Rwanda’s technique, as he described it, is to make sure that sufferers can entry care inside a two-hour journey or a 75-kilometre radius of the place they stay. It’s an bold benchmark and one he believes ought to grow to be the usual throughout sub-Saharan Africa.
He additionally pointed to robust authorities management as a vital success issue.
“One of many issues that we’re seeing in Rwanda is the federal government management, the Ministry of Well being, taking the lead. It’s extremely robust in Rwanda, and I believe that’s one thing that different nations also can be taught from,” he stated.
The federal government engagement was evident in early 2025, when Operation Smile convened the primary Pan-African Surgical Convention in Kigali, alongside Rwanda’s Ministry of Well being, the Surgical Society and the College of Rwanda. The five-day occasion introduced collectively greater than 500 surgeons, policymakers and well being employees from 36 nations to work towards sensible options for increasing surgical entry throughout the area.
Regardless of progress, important challenges stay.
Dr Hellar recognized 5 main challenges in delivering surgical care throughout the African continent.
The primary and largest is the surgical workforce itself. “We’ve got only a few surgeons, anaesthesiologists, nurses who’re working within the surgical area,” he stated. “That is likely one of the greatest challenges.” Nonetheless, coaching partnerships just like the COSECSA collaboration are the first lever for addressing this.
The second is infrastructure, notably at district and community-level amenities. “Possibly within the main cities you discover hospitals which are well-equipped, however when you go all the way down to the district stage, you’ve got restricted theatre area, ICU capability, gear challenges,” he defined.

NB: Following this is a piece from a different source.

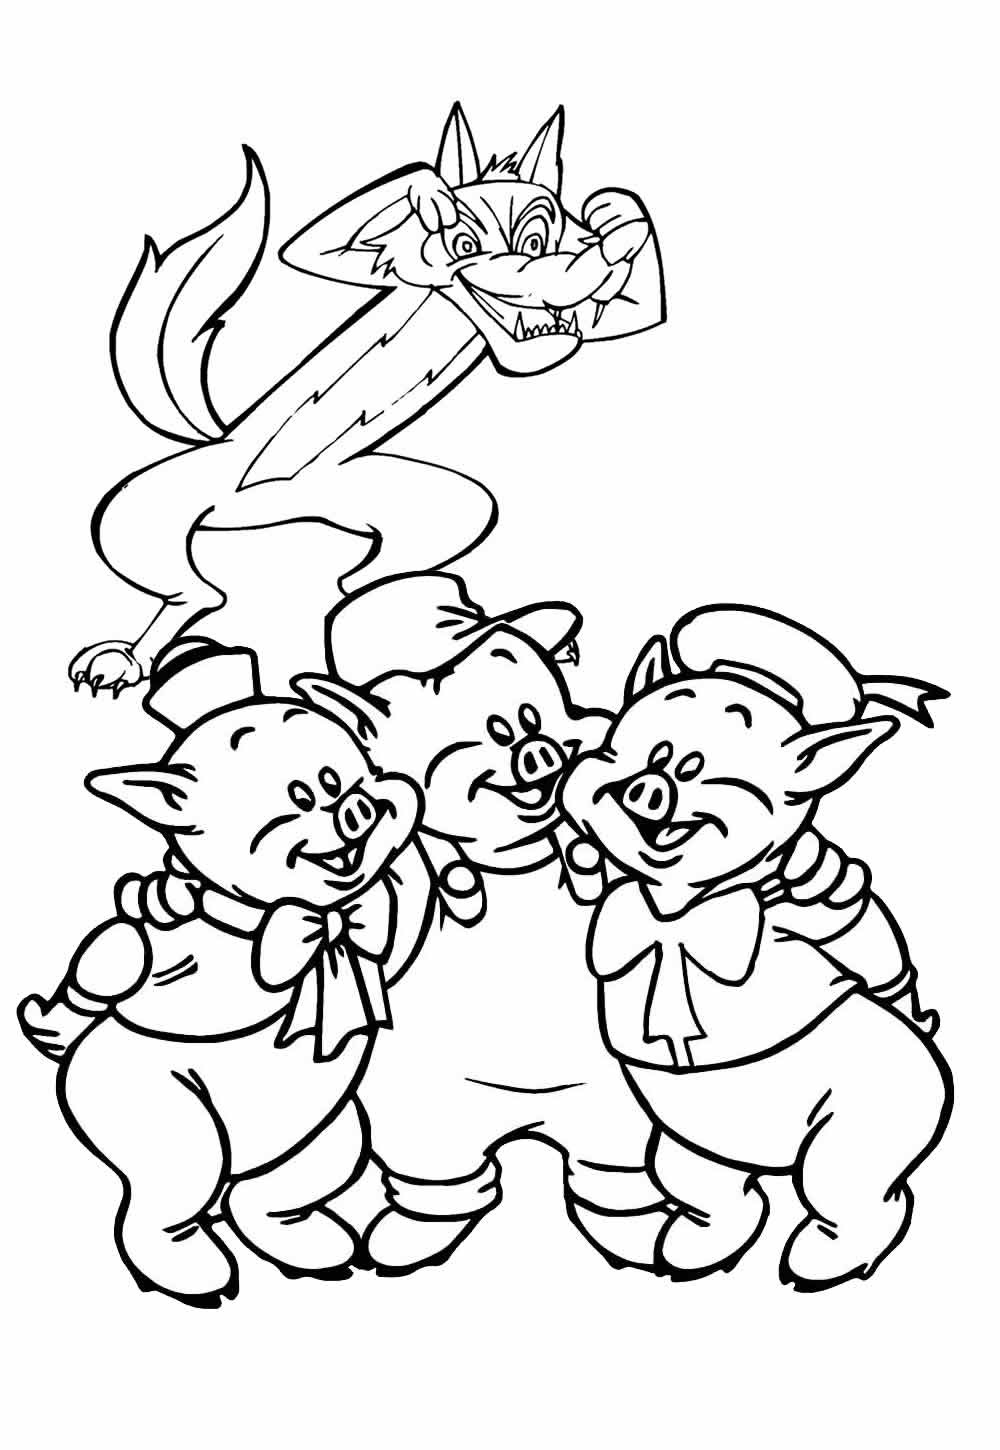 Desenho dos Três Porquinhos

Third is late affected person presentation. That is the tendency for sufferers to reach at amenities with circumstances which have progressed far past what early intervention might have addressed. This, he stated, is itself a consequence of poor entry. “Sufferers are likely to current late as a result of in all probability they do not have entry to easily-reached care,” he stated, calling for stronger group consciousness campaigns and referral techniques.
Fourth is the availability chain. “We’ve got weak provide chain techniques,” he stated. He added that working with governments to develop focused partnerships is a part of the answer.
The fifth barrier is monetary. Throughout sub-Saharan Africa, giant numbers of rural sufferers lack medical insurance and can’t afford the price of surgical care. “Looking for revolutionary methods, like common well being entry, to assist financing mechanisms for healthcare is one thing that’s fairly wanted,” stated Dr Hellar.
A imaginative and prescient for African surgical procedure
Dr Hellar’s imaginative and prescient for the way forward for surgical care throughout Africa is articulated by way of what sufferers ought to not should endure.
“One of many greatest issues that I’d want to see sooner or later is elevated entry to care… Sufferers should not have to spend days… they don’t have to grow to be poor as a result of they promote their cows, promote their homes… in order that they will afford surgical care,” he stated.
His imaginative and prescient is to make sure that surgical companies can be found inside a radius of 75 kilometres, in sub-Saharan Africa, utilizing a hub-and-spoke mannequin pioneered in Rwanda.
“If that’s achieved throughout sub-Saharan Africa… it would lower the surgical burden and impression of surgical mortalities and morbidities,” stated Dr Hellar.